Unlike many Indian IT service firms that historically depended on outsourced enterprise work, Zoho spent years quietly building its own global software ecosystem. That distinction may prove crucial in the AI era.
While much of India’s technology industry focused on services, Zoho focused on products.
Now the company is rapidly evolving into an agentic AI platform player.
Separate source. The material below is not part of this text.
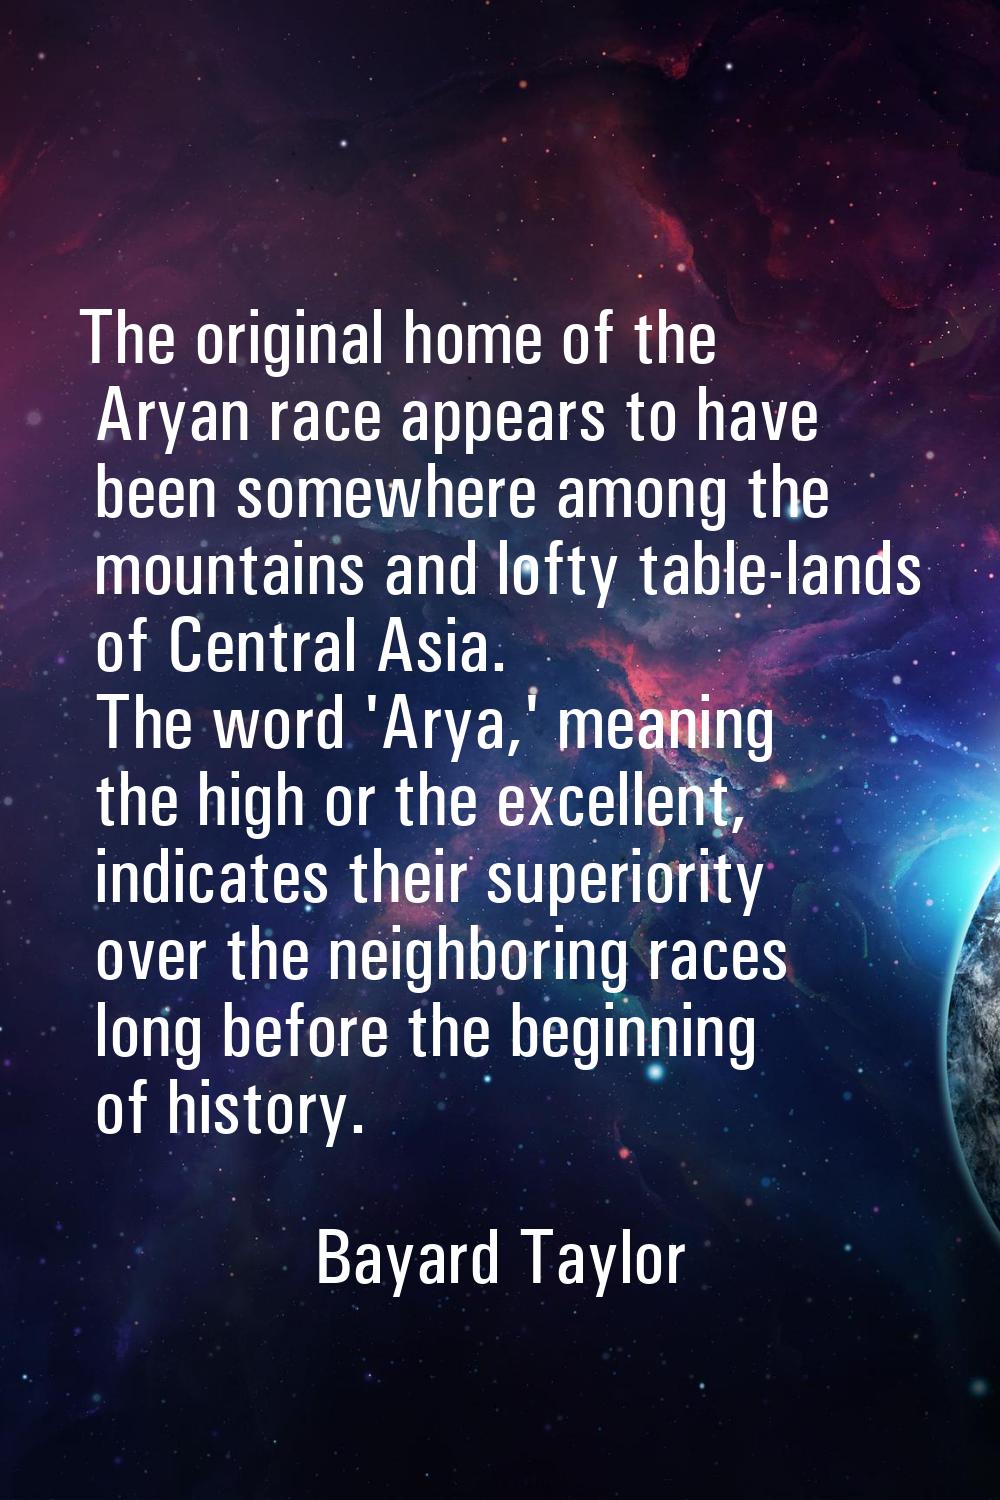 The original home of the Aryan race appears to have been somewhere among the mountains and lofty ta

Its “Zia Agents” ecosystem and “Zia Agent Studio” are designed to allow businesses to create autonomous AI agents capable of acting across workflows, applications, and enterprise functions.
Zoho’s newly introduced Model Context Protocol initiatives are particularly significant because they aim to transform business applications into “agent-ready systems” where AI agents can not only generate responses but also take actions across software environments.
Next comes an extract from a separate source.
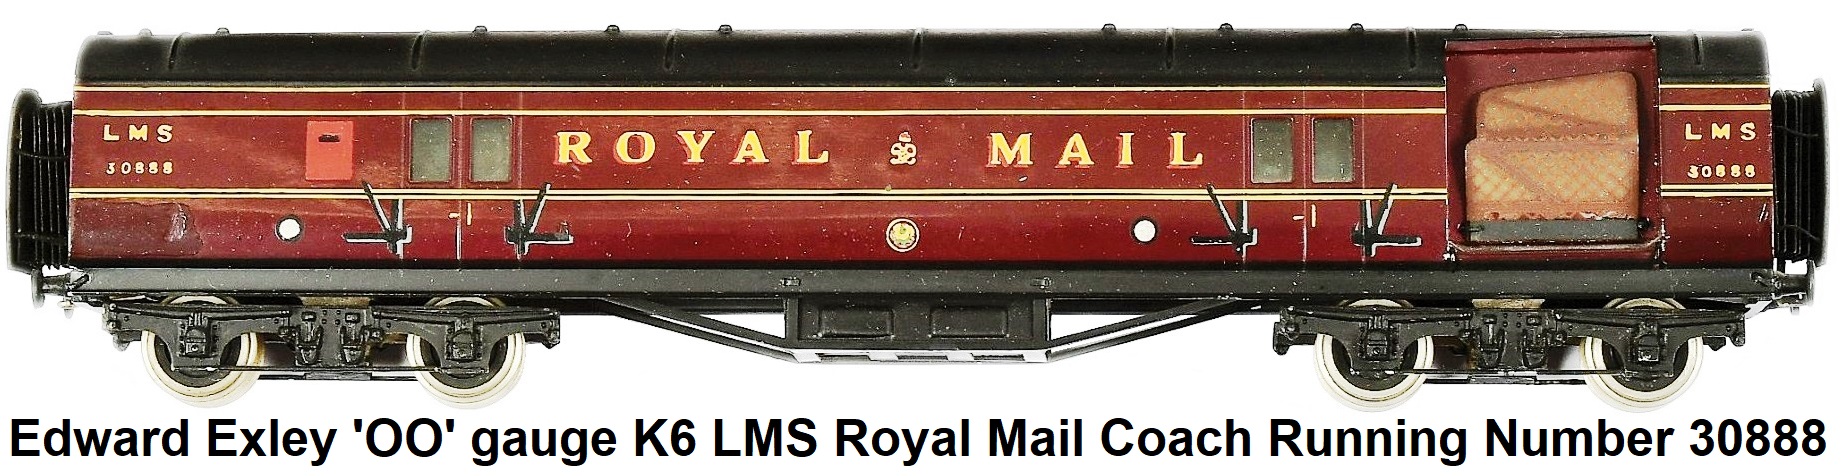 Exley 'OO' gauge K6 LMS Royal Mail Coach Running Number 30888

That is a fundamentally different direction from traditional outsourcing.
It suggests that India’s future AI competitiveness may increasingly depend on companies building platforms, ecosystems, products, and proprietary AI infrastructure rather than relying primarily on labour-intensive service delivery.
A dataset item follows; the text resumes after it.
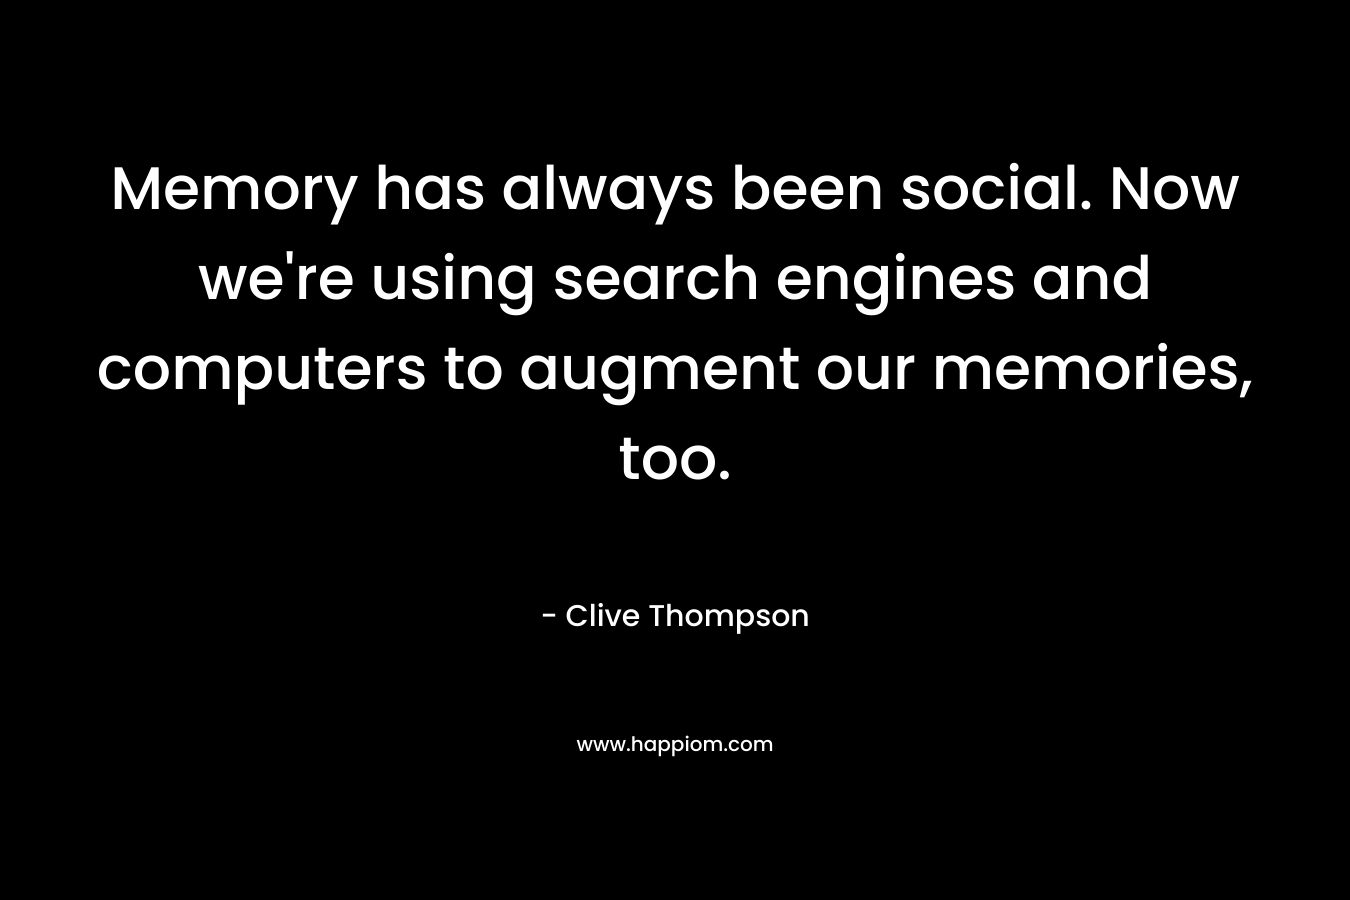 Memory has always been social. Now we're using search engines and computers to augment our memories, too.

This may ultimately become the defining strategic challenge for India’s technology economy.
Can India transition from being the world’s outsourced workforce to becoming a creator of AI-native products and autonomous enterprise systems?
The answer will determine whether the country remains a global technology powerhouse or gradually loses its competitive edge.
The concern is not simply job loss. The deeper issue is economic restructuring.
Agentic AI threatens to automate layers of middle-skill cognitive work that were previously considered relatively safe from technological disruption. Software testing, documentation, compliance analysis, customer interaction, project coordination, junior analytics, and portions of consulting workflows are increasingly becoming automatable.
Recent developments from Anthropic’s Claude ecosystem demonstrate how rapidly these systems are evolving. Claude Code, one of the company’s flagship agentic coding tools, can autonomously execute coding tasks, interact with systems, edit files, and operate through iterative decision-making loops.
Researchers are now studying agentic coding systems not merely as assistants but as semi-autonomous execution frameworks capable of handling increasingly complex workflows.
This is where India faces a paradox.
The country possesses one of the world’s largest pools of digital talent. But much of its IT workforce remains concentrated in process-heavy implementation work rather than frontier AI innovation.
If AI dramatically improves productivity, companies may eventually require fewer people for many traditional digital operations. A single AI-augmented engineer may soon perform work that previously required entire teams.
That could alter hiring patterns across India’s urban technology ecosystem.
At the same time, however, AI may also create enormous opportunities for countries and companies capable of adapting quickly.
India still retains several strategic advantages:
a vast technical workforce, entrepreneurial energy, English-language dominance, a thriving startup ecosystem, and growing digital infrastructure.
The winners of the next decade may not necessarily be the companies with the largest headcount. They may be the firms capable of combining:
- AI infrastructure,
- proprietary enterprise data,
- domain expertise,
- workflow orchestration,
- and human-AI collaboration at scale.
That transition has already begun.
And it extends beyond the technology sector itself.
Agentic AI will likely affect banking, manufacturing, logistics, consulting, education, healthcare, governance, media, and research. Even industrial giants such as Tata Steel may eventually deploy autonomous AI systems across supply chains, predictive maintenance, industrial analytics, and enterprise operations.
This is why the current AI race is not merely another software cycle.
It is an economic restructuring event.
For India, the question is no longer whether AI will change the technology industry.
The real question is whether India can evolve fast enough to shape the next AI economy instead of merely servicing it.